Uber follows a supplier pick map matching algorithm where the customer selects the variables associated with a service (in this case Uber app) and makes a match by sending requests to the most optimal list of service providers. Any Uber ride request is first sent to the nearest available Uber driver (the nearest available Uber driver is determined by comparing the customer location with the expected time of arrival of the driver). The Uber driver then accepts or rejects a ride request. This matching algorithm works well for Uber since the transaction is highly commoditized i.e. the number of variables that the customer has to decide before a match is made are minimal.
Uber uses a mixture of internal and external data to estimate fares. Uber calculates fares automatically using street traffic data, GPS data and its own algorithms that make alterations based on the time of the journey. It also analyses external data like public transport routes to plan various services.
Uber Data Science Tools
Python is the go-to data science programming language at Uber and is extensively used by the Uber data team. Commonly used third party modules to do data science at Uber include NumPy, SciPy, Matplotlib and Pandas. Uber data team does use R programming language, Octave or Matlab occasionally for prototypes or one-off data science projects and not for production stack. D3 is the most preferred data visualization tool at Uber and Postgres, the most preferred SQL framework.

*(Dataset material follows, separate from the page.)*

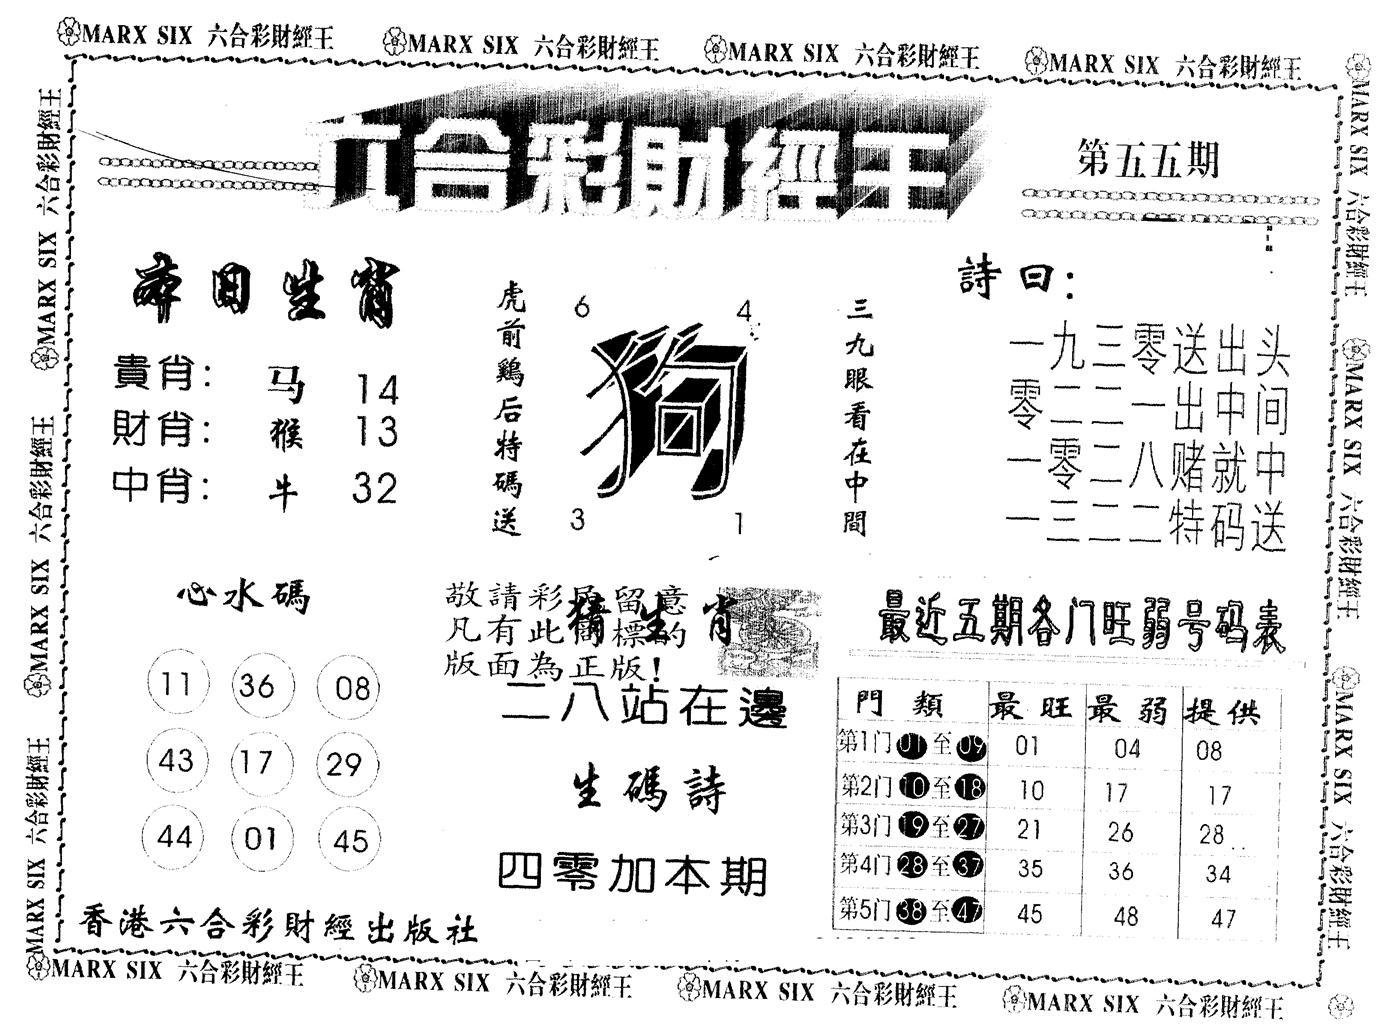 055期另版2000包中特(黑白)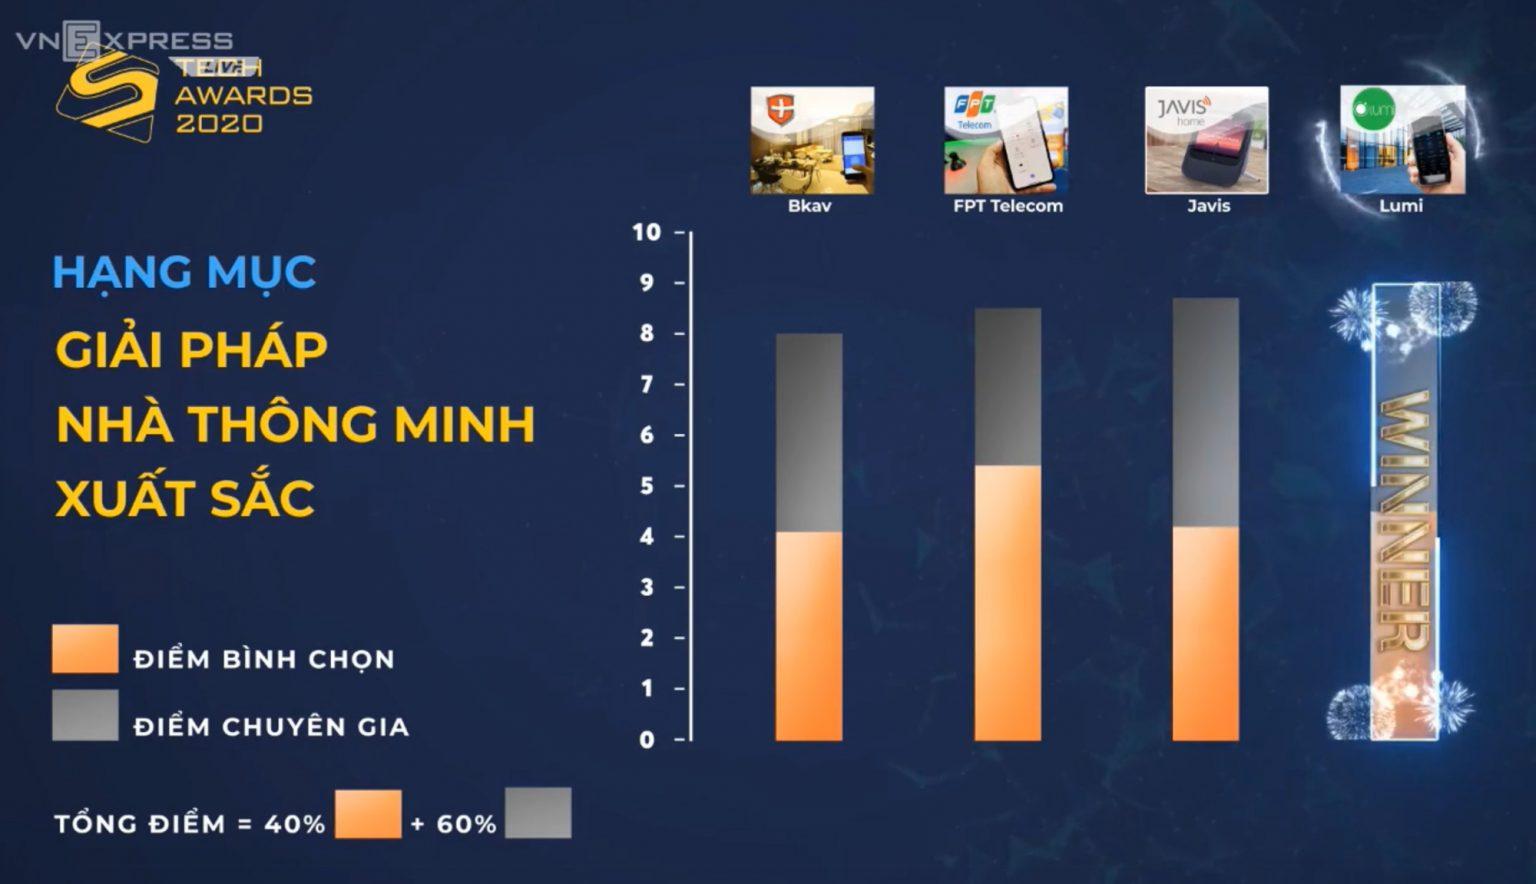 Nhà thông minh LUMI đơn vị dẫn đầu về công nghệ Nhà Thông Minh Việt Nam, Công ty Tenki

What can you expect in future from Uber‘s data driven methodologies?
With initiatives like UberFresh for grocery deliveries, UberRush for package courier service and UberChopper offering helicopter rides to the wealthy-Uber is all set to revolutionize private transportation globally. Uber knows the popular nightclubs in the city, best in class restaurants and has data about traffic patterns across different regions. Uber’s data would be soon be combined with customer specific personal data in exchange of benefits making Uber the big Big Data Company. Soon, citizens would not mind sharing their SSN with Uber if they use your data to book a restaurant for a romantic dinner date on Valentine’s Day that has good live music and arrange a pick up for you and your wife in a luxury car.
So the next time on your “Uber” ride experience, do think of some data science that is going behind the scenes. The quality of service that you are enjoying is the due to the big data being analysed and data science being applied, to create a better riding experience for you.